Enterprise tenant brands company 'inflexible' after pub closure

By Ellie Bothwell

- Last updated on GMT

Related tags: Enterprise inns, Red lion

Ex-tenant Kevin Jones displayed the open letter outside his pub
Ex-tenant Kevin Jones displayed the open letter outside his pub
An Enterprise tenant has displayed a six metre open letter outside his pub bemoaning the inflexibility of the company after debt forces business to close.

Kevin Jones, ex-tenant of the Red Lion in Otley, West Yorkshire, wrote the letter to Enterprise Inns shareholders explaining the reasons why he was in debt and could not keep to a repayment plan. He included details of the way the company dealt with his diagnosis of bladder cancer and his subsequent financial difficulties in the development of a nightclub above the pub.

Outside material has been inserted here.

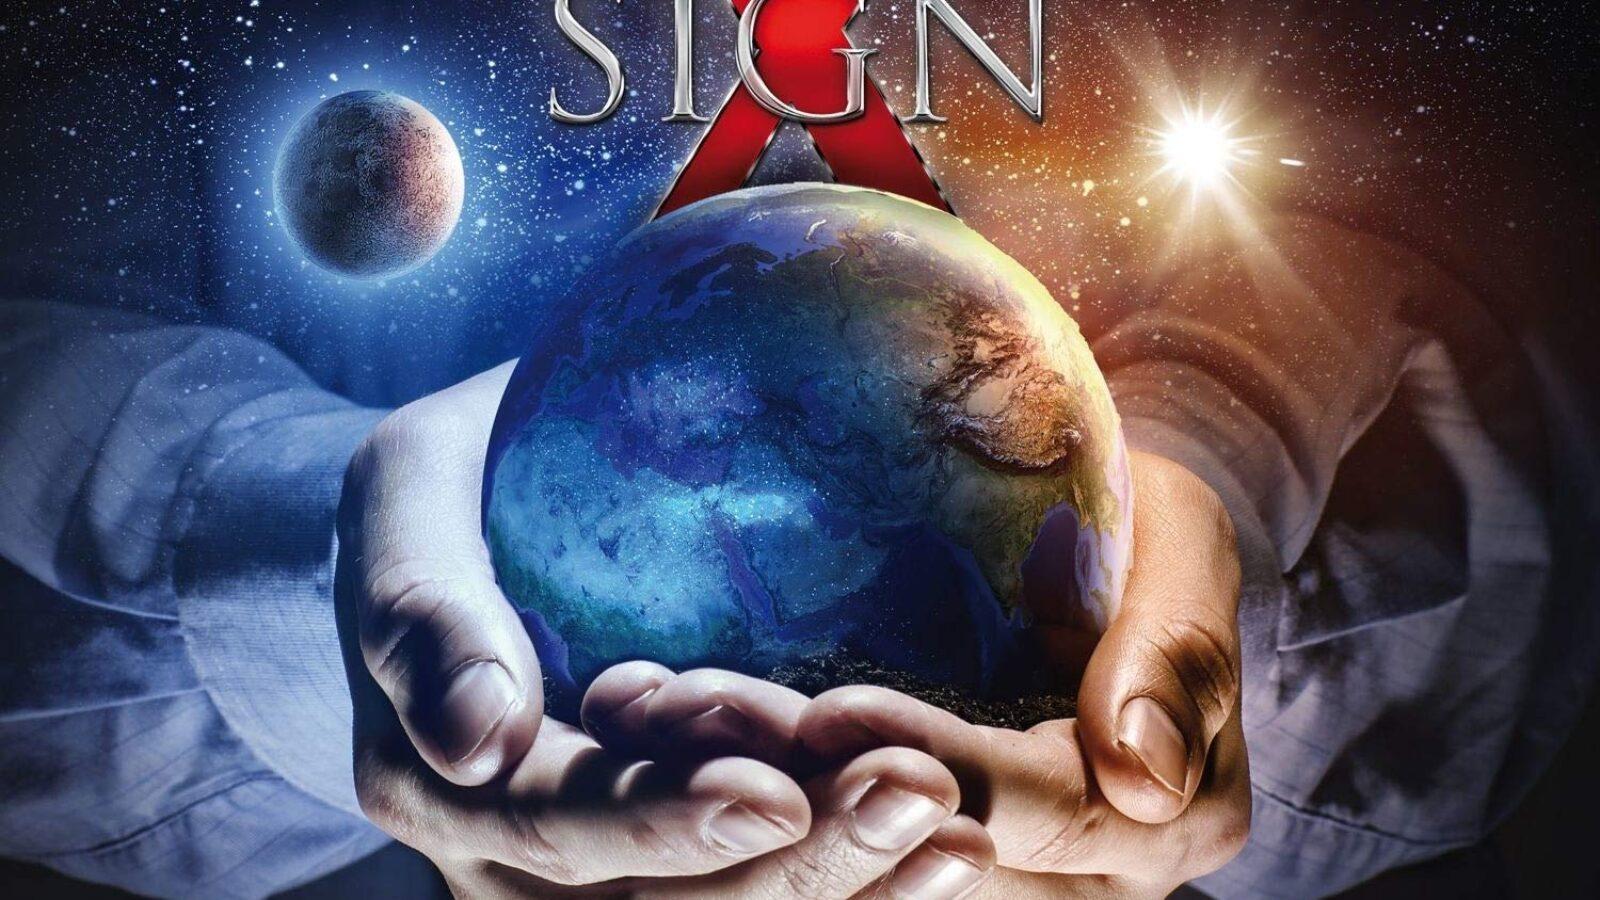 Sign X

He wrote: “The only problem I have had is finance. I no longer have the options I had and I can only borrow money if I have the lease as security.
“Enterprise Inns will not give me the lease unless I am debt free and able to provide cleared funds for the project. This is a catch 22 situation. They will also not spend any money on the pub – which it seriously needs in order to retain the customers we have built up.”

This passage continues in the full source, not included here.